[Data shown]
[Start of Attachment]

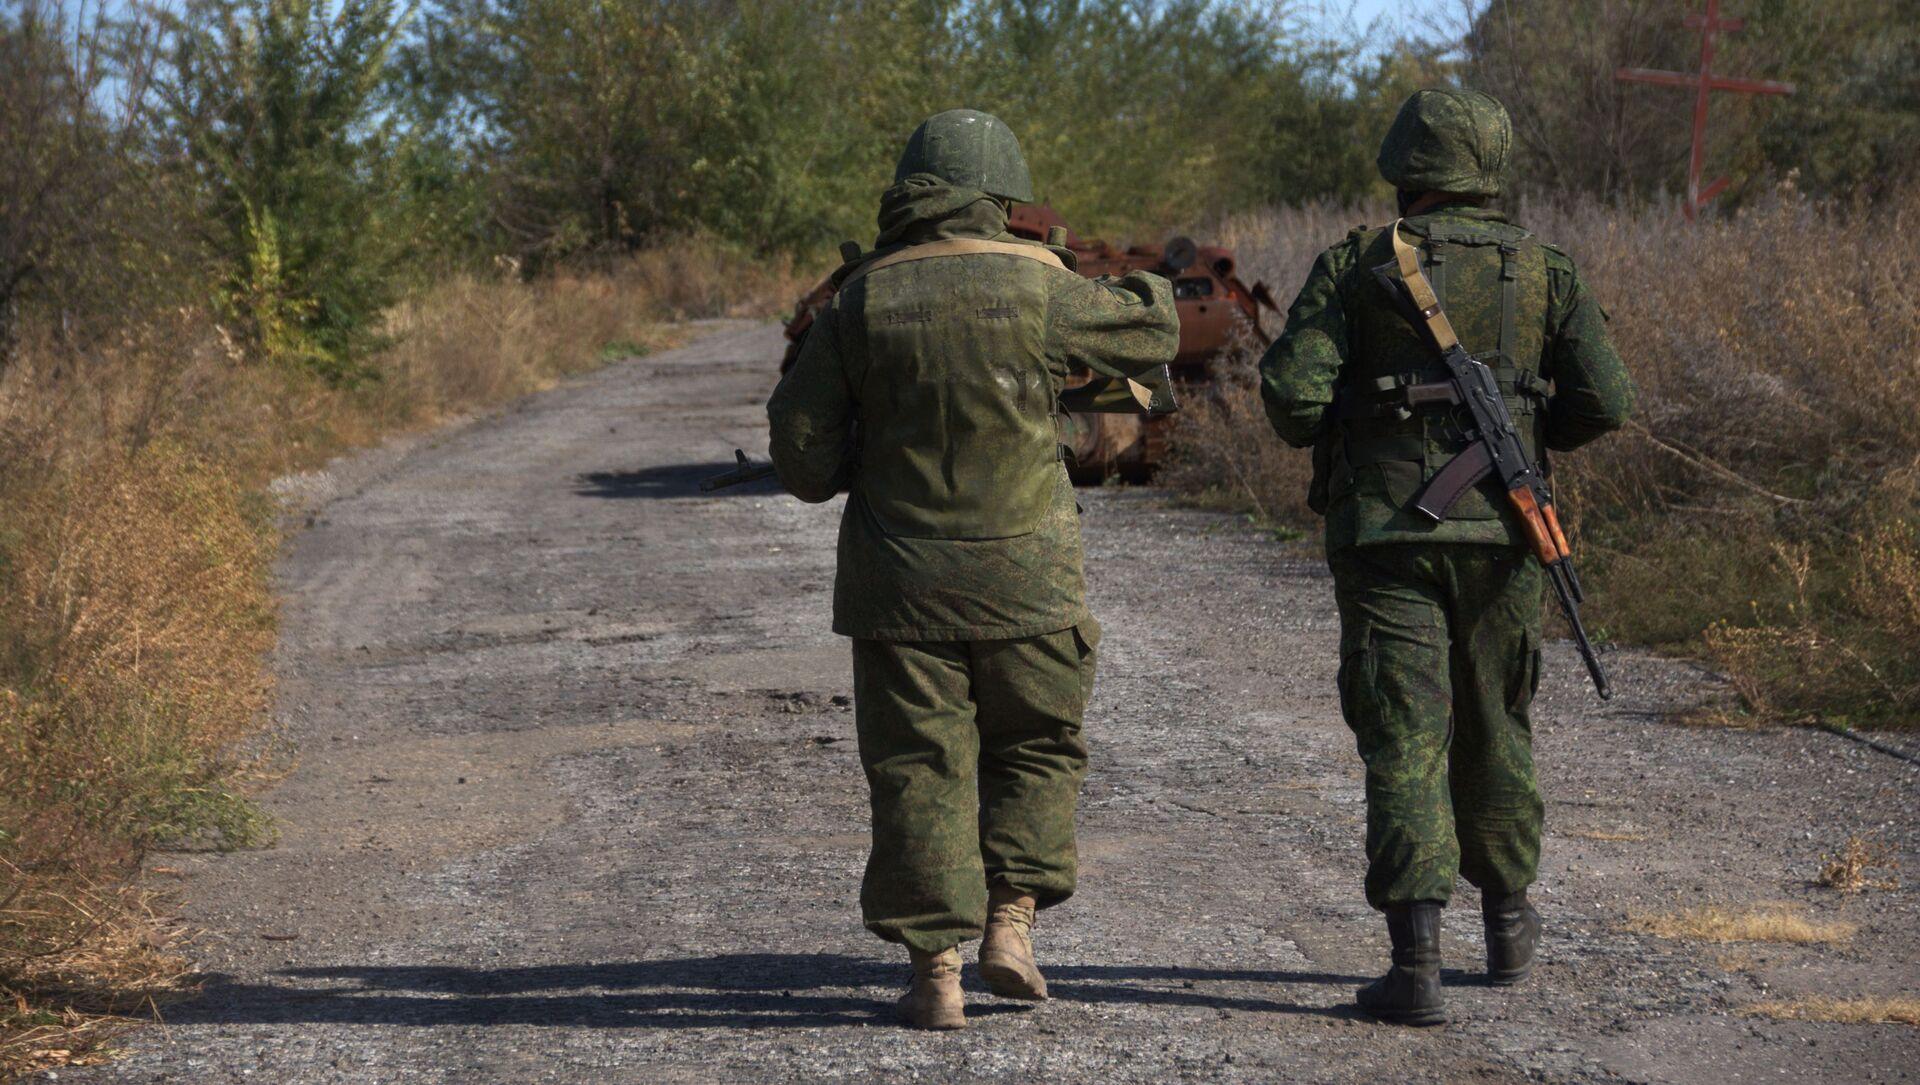 Żołnierze ŁRL we wsi Sokolniki na linii kontaktowej w obwodzie ługańskim - Sputnik Polska, 1920, 03.06.2021
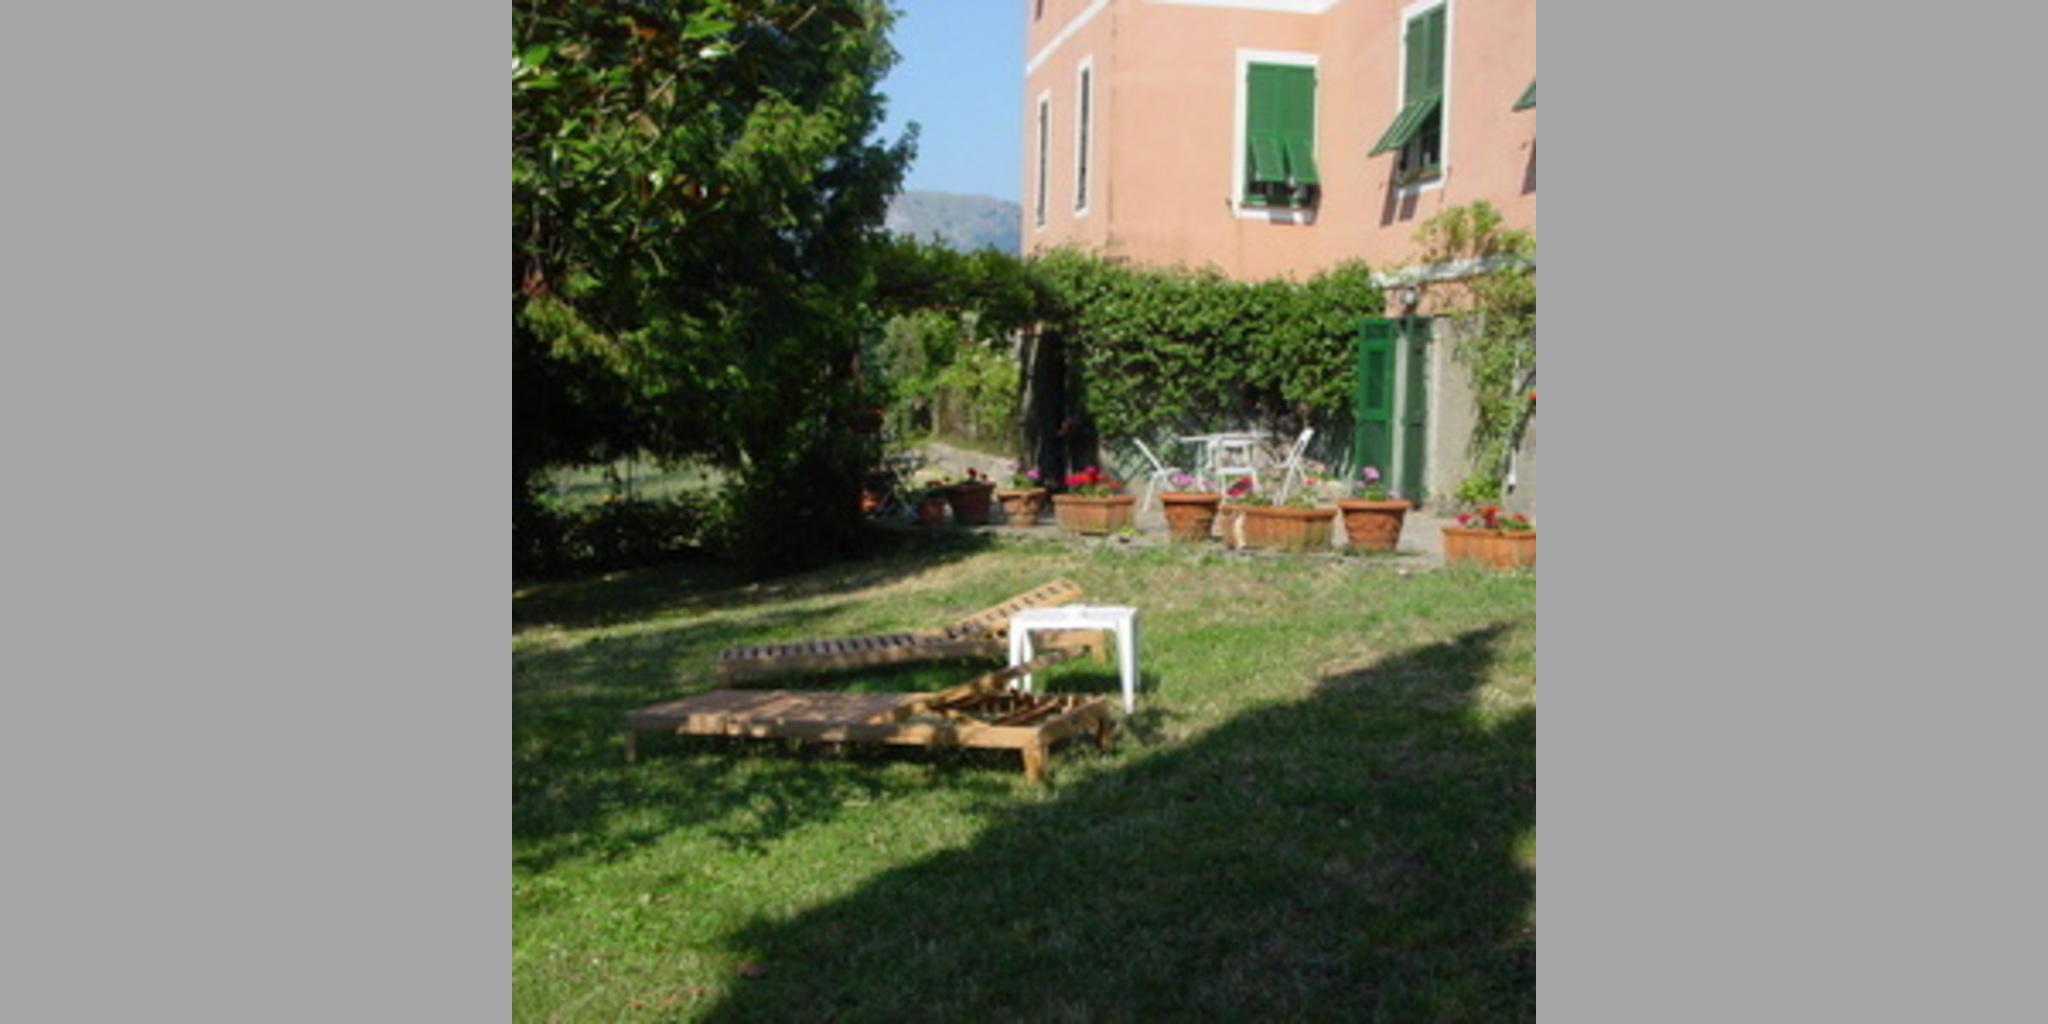 Bed & Breakfast Varese Ligure - Varese Ligure
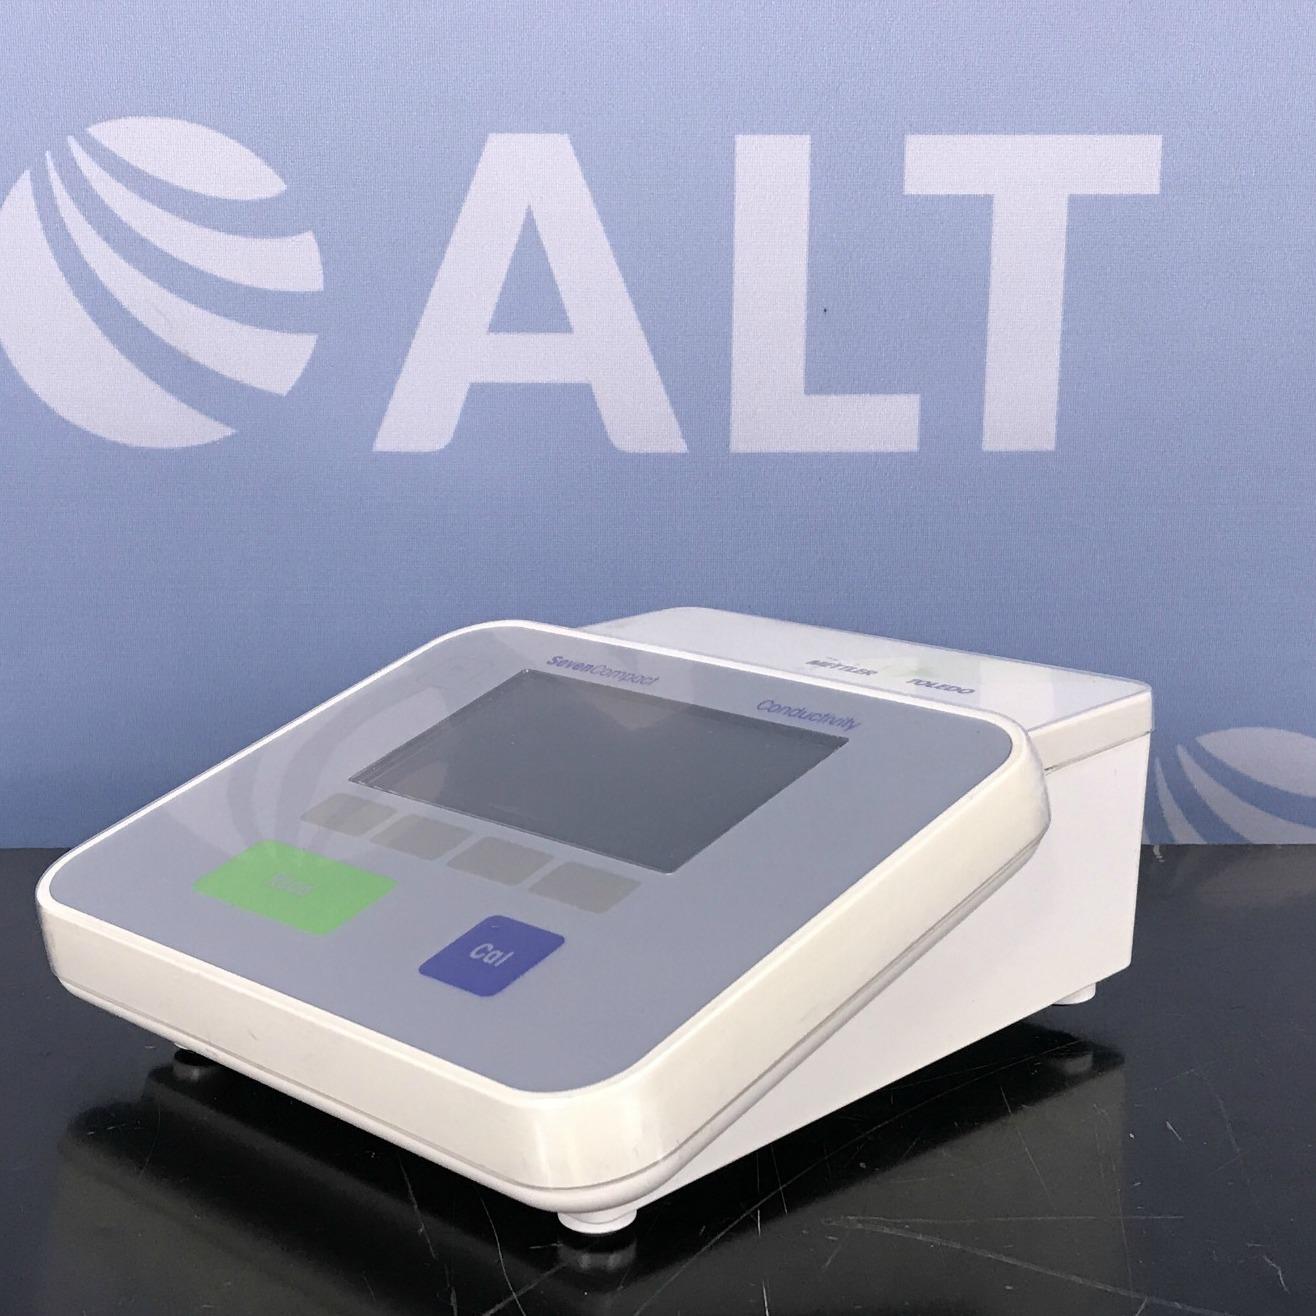 Mettler Toledo S230 SevenCompact Conductivity Meter Image

[End of Attachment]

[Work instructions]
Pictures stay out. Write out everything else in the material exactly.

[Solution for this problem]
 Żołnierze ŁRL we wsi Sokolniki na linii kontaktowej w obwodzie ługańskim - Sputnik Polska, 1920, 03.06.2021
 Bed & Breakfast Varese Ligure - Varese Ligure
 Mettler Toledo S230 SevenCompact Conductivity Meter Image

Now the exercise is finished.